The first main chapter introduces the broad field of digital signal transmission, with some simplifying assumptions: a redundancy-free binary transmitted signal, no intersymbol interference. Although the description is mainly in baseband, most of the results can be applied to the digital carrier frequency systems as well.

In particular, the following are dealt with:

- the »basic structure and components« of a baseband transmission system,
- the definitions of »bit error probability« and »bit error rate«,
- the characteristics of »Nyquist systems« that allow intersymbol interference-free transmission,
- the »optimization of the binary baseband systems« under power and peak constraints,
- the generalization of the results to »carrier frequency systems«, and
- the largely common description of »ASK, BPSK, and 4-QAM«.

## Simplified system model

Throughout the first chapter, » the following block diagram is assumed for the digital system as described in [TS87]^{[1]}:

The block diagram is constructed in exactly the same way as a analog transmission system according to the description in the book "Modulation Methods" - consisting of.

- source,
- transmitter,
- channel plus interferencesces (e.g. noise),
- receiver,
- sink.

In comparison to an analog transmission system, the following similarities and differences can be recognized in this simplified system model:

- Also in the digital transmission system, the received signal $r(t)$ is continuous in time and value due to the interference.
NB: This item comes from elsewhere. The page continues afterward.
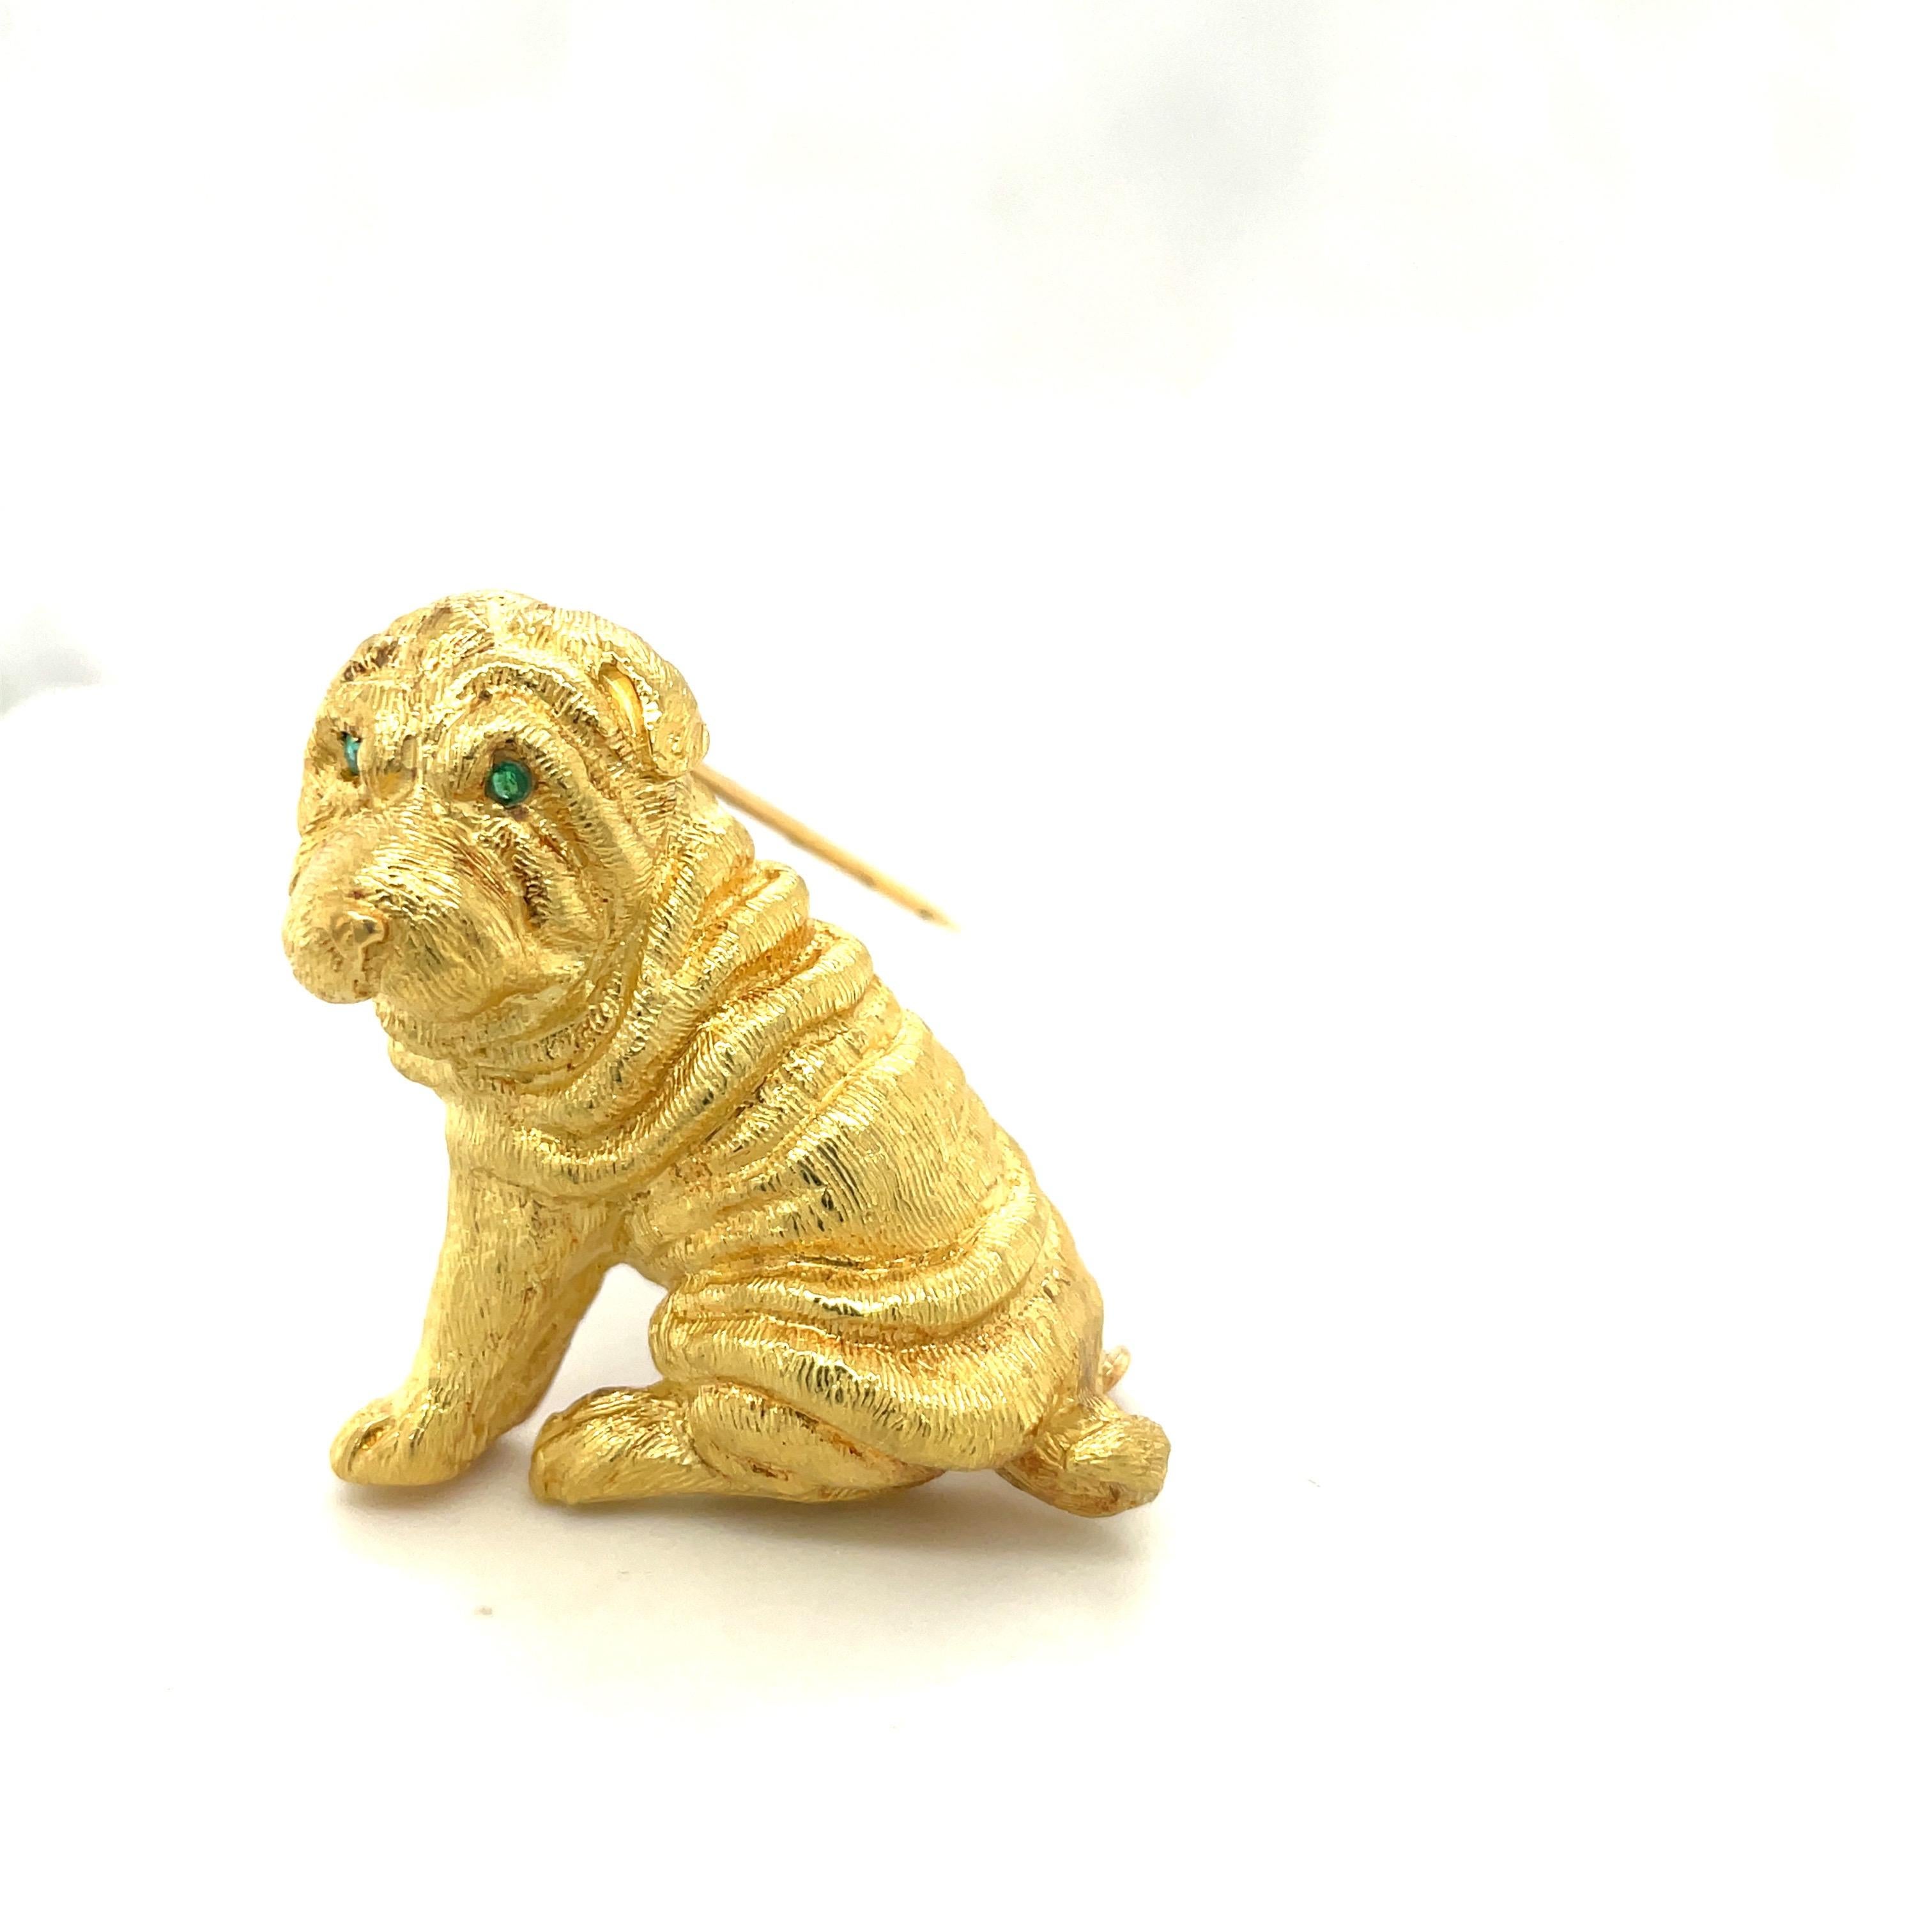 Crafted by Roger Guillochon ,from France for Cellini Jewelers, this 18 karat yellow gold  Shar Pei brooch depicts magnificent craftsmanship. The dog's body is etched in a satin finish. His soulful eyes are set with emeralds . He measures 1.5

The transmitted signal $s(t)$ can be discrete in time and value, but does not have to be.
- In contrast to the book "Modulation Methods", however, the source signal $q(t)$ and the sink signal $v(t)$ are always digital signals. Accordingly, they are both discrete-time and discrete-value.
- All information about $q(t)$ and $v(t)$ can thus also be expressed by the "source symbol sequence" $〈q_ν〉$ and the "sink symbol sequence" $〈v_ν〉$ together with the symbol duration $T$.
- A digital receiver differs fundamentally from the receiver of an analog system in that it must also include a
**decision component**for obtaining the digital sink signal $v(t)$ from the analog received signal $r(t)$. - In the first three chapters of this book, we consider
**digital baseband transmission**, which means that the signal $q(t)$ is transmitted without prior frequency conversion (modulation with a carrier wave). - Therefore, $s(t)$ and $r(t)$ are low-pass signals here, and the channel (including interferences) must always be assumed to have low-pass characteristics as well.

In the following, the characteristics of the individual system components are described in detail, suitably considering the idealizing assumptions for this chapter.

## Descriptive variables of the digital source

The **digital source** generates the source symbol sequence $〈q_ν〉$, which is to be transmitted to the sink as error-free as possible. In general, each symbol of the temporal sequence $〈q_ν〉$ with $\nu = 1, 2,$ ... from a symbol set $\{q_\mu\}$ with $\mu = 1$, ... , $M$, where $M$ is called the "source symbol set size" or the "number of levels".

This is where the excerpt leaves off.